Journal of Philosophical Research

Volume 48, 2023

Neera K. Badhwar
Pages 247-251

Do All Interesting Experiences Add to the Quality of Life?
A Response to Lorraine Besser

In “ReImagining the Quality of Life,” Lorraine Besser challenges the frameworks typically used for evaluating the quality of people’s lives, especially those with Alzheimer’s disease or those in minimally conscious states (MCS). These frameworks rely on two standards: agency and sentience. The first assumes that the absence of agency makes a life prudentially worthless (worthless to the individual whose life it is), because cognitive activity is prudentially valuable “only when it reflects agency;” whereas the second assumes that the absence of pleasure makes a life prudentially worthless, because pleasure is the only experiential value. Besser argues, however, that cognitive engagement with an activity or experience that a patient finds interesting is also prudentially valuable, even if it doesn’t reflect agency, and even if it isn’t pleasurable.

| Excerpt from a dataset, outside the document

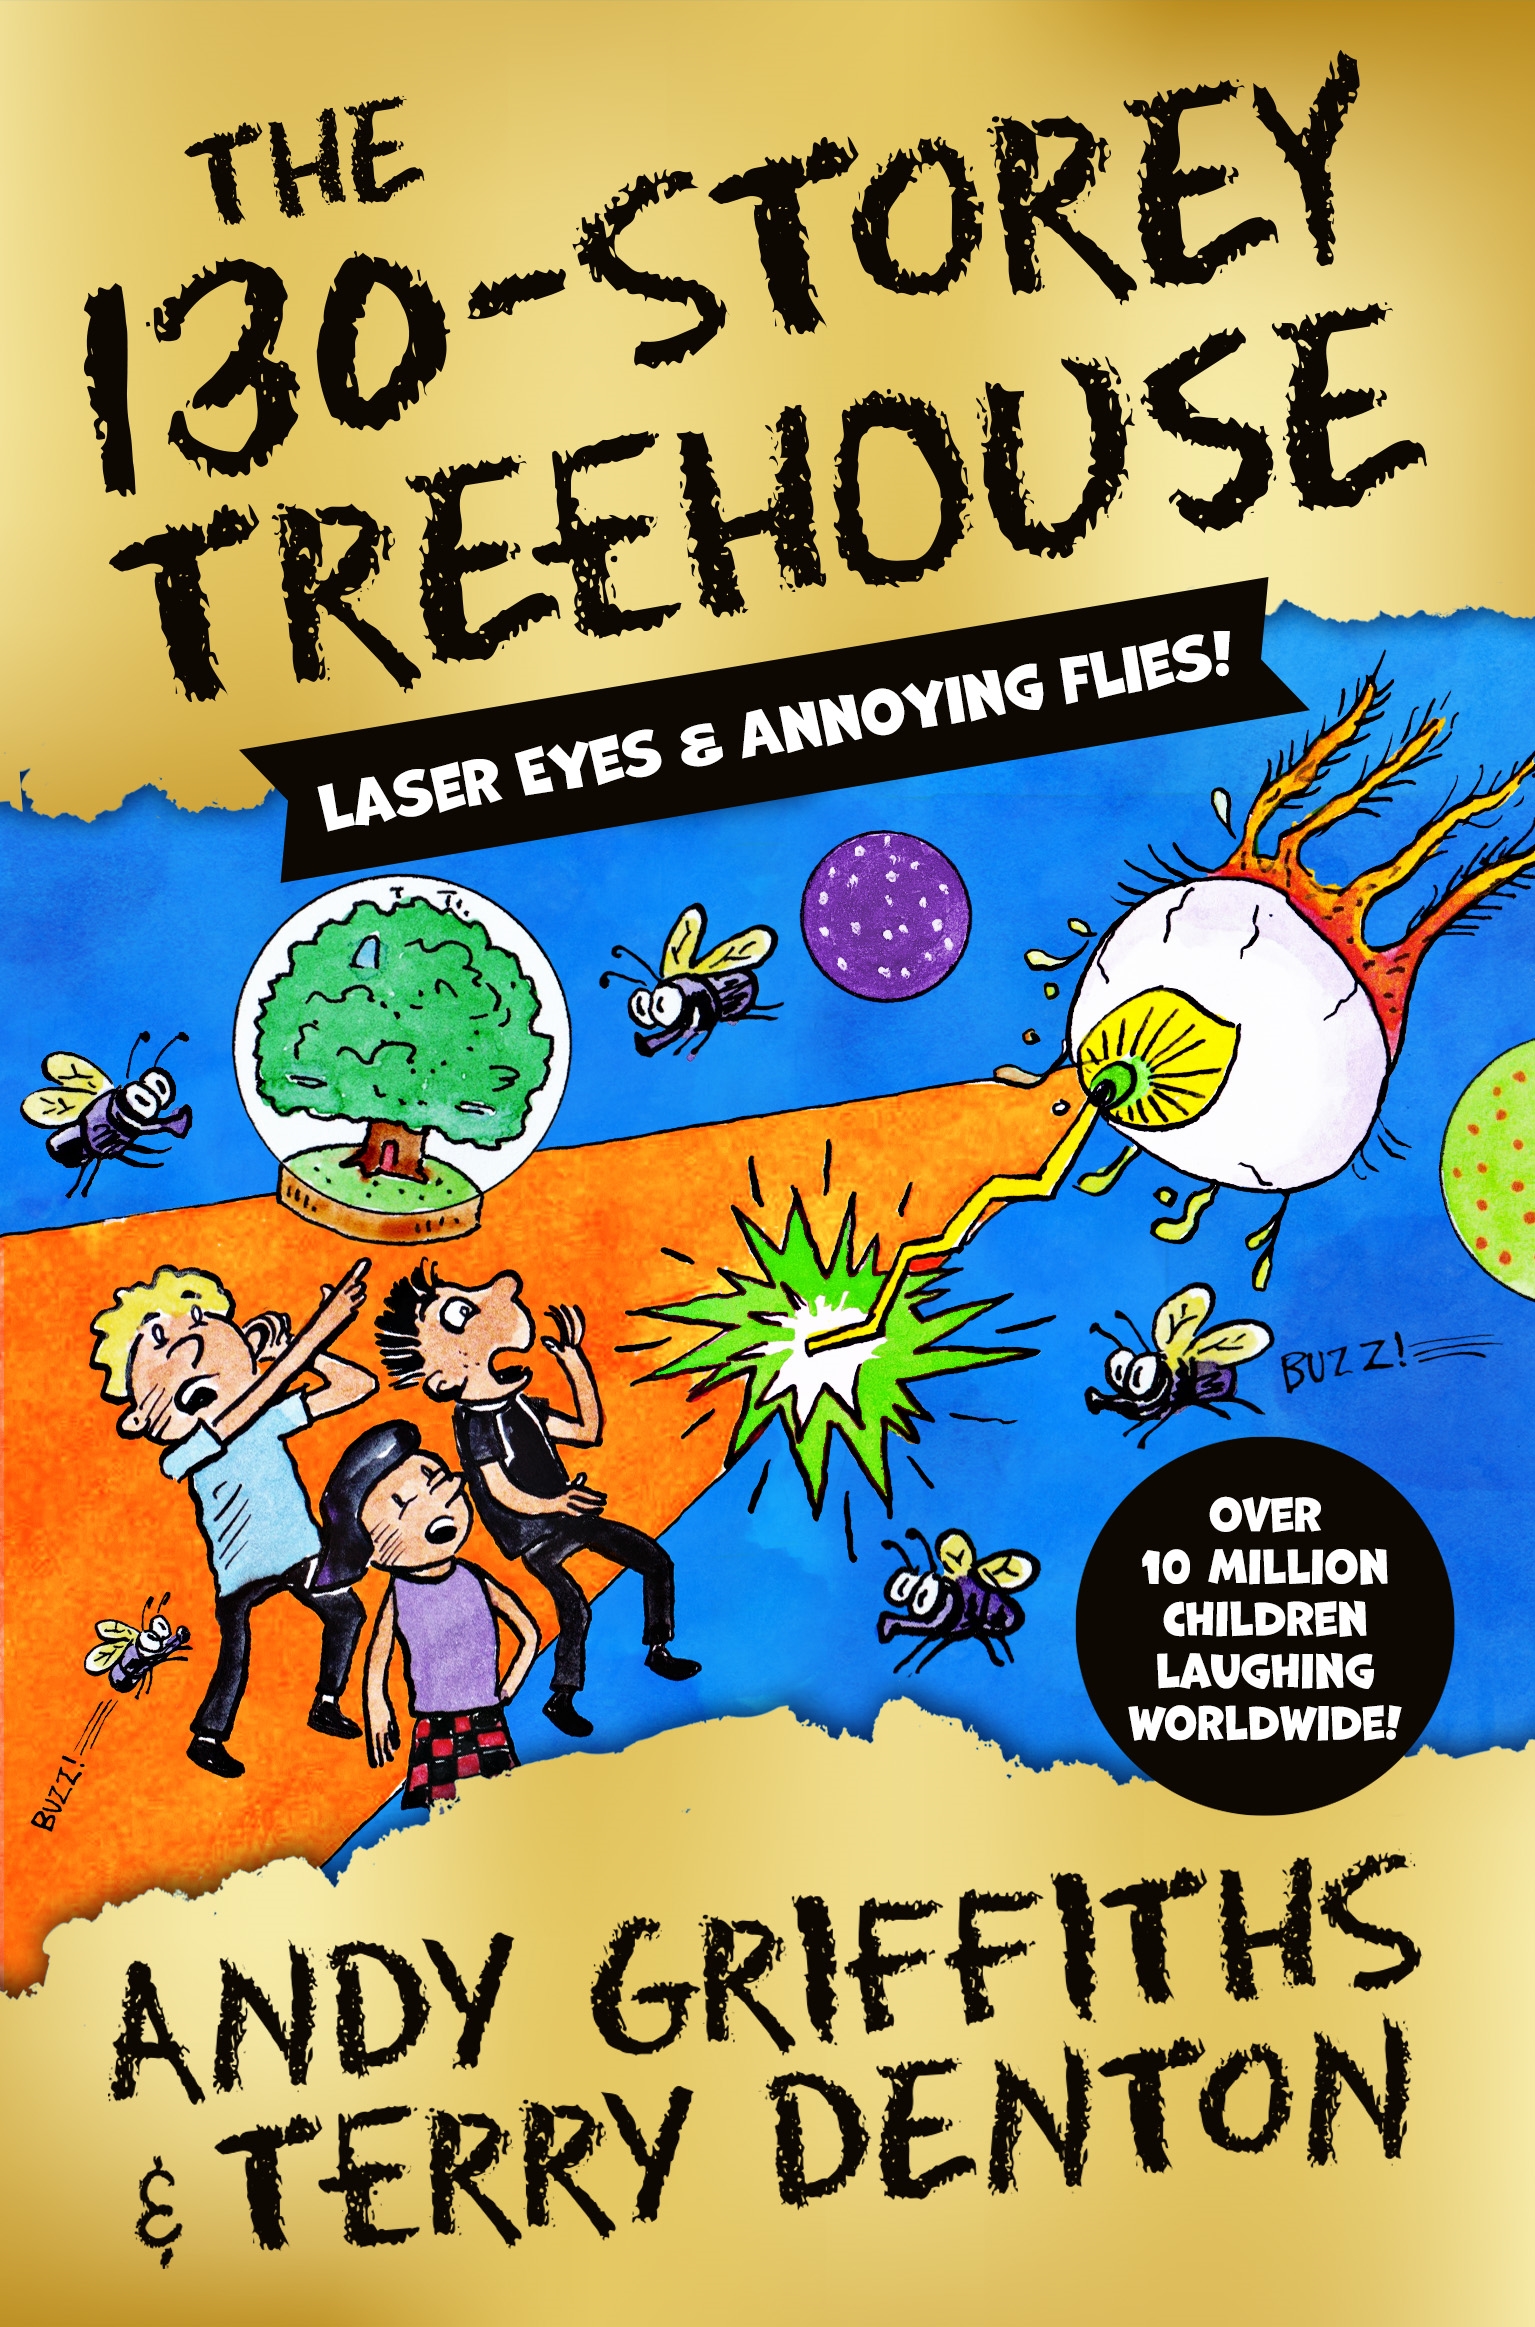 Virtual Event with Andy Griffiths, bestselling author of The Treehouse Series
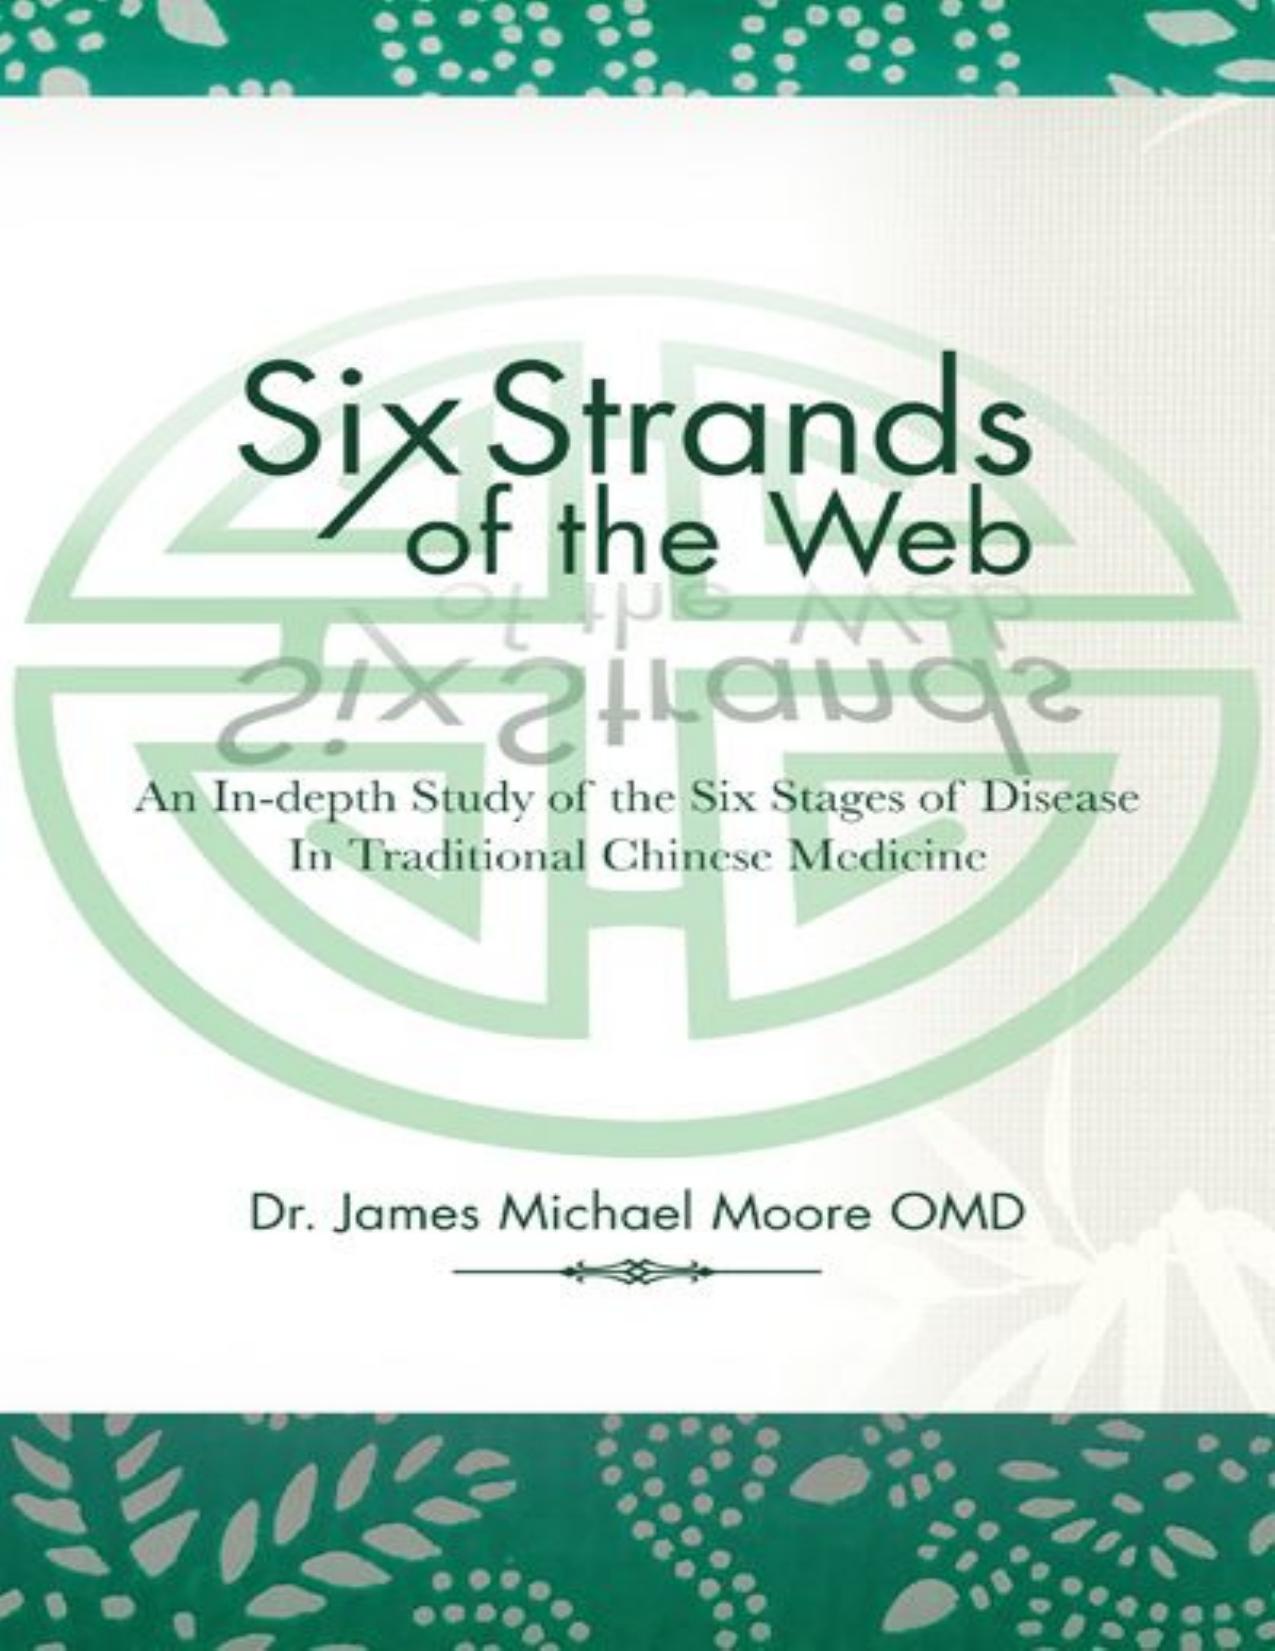 Six Strands of the Web: An In-depth Study of the Six Stages of Disease In Traditional Chinese Medicine by Dr. James Michael Moore

The interesting “describes a qualitative aspect of our experience of a robust form of cognitive engagement, which resonates with us in a fashion similar to pleasure.” Besser’s view is an important contribution to the literature on the quality of life, and to the lives of patients with Alzheimer’s or MCS. However, I challenge Besser’s view that interesting experiences need not have a positive resonance to such patients, even though they are similar to pleasure.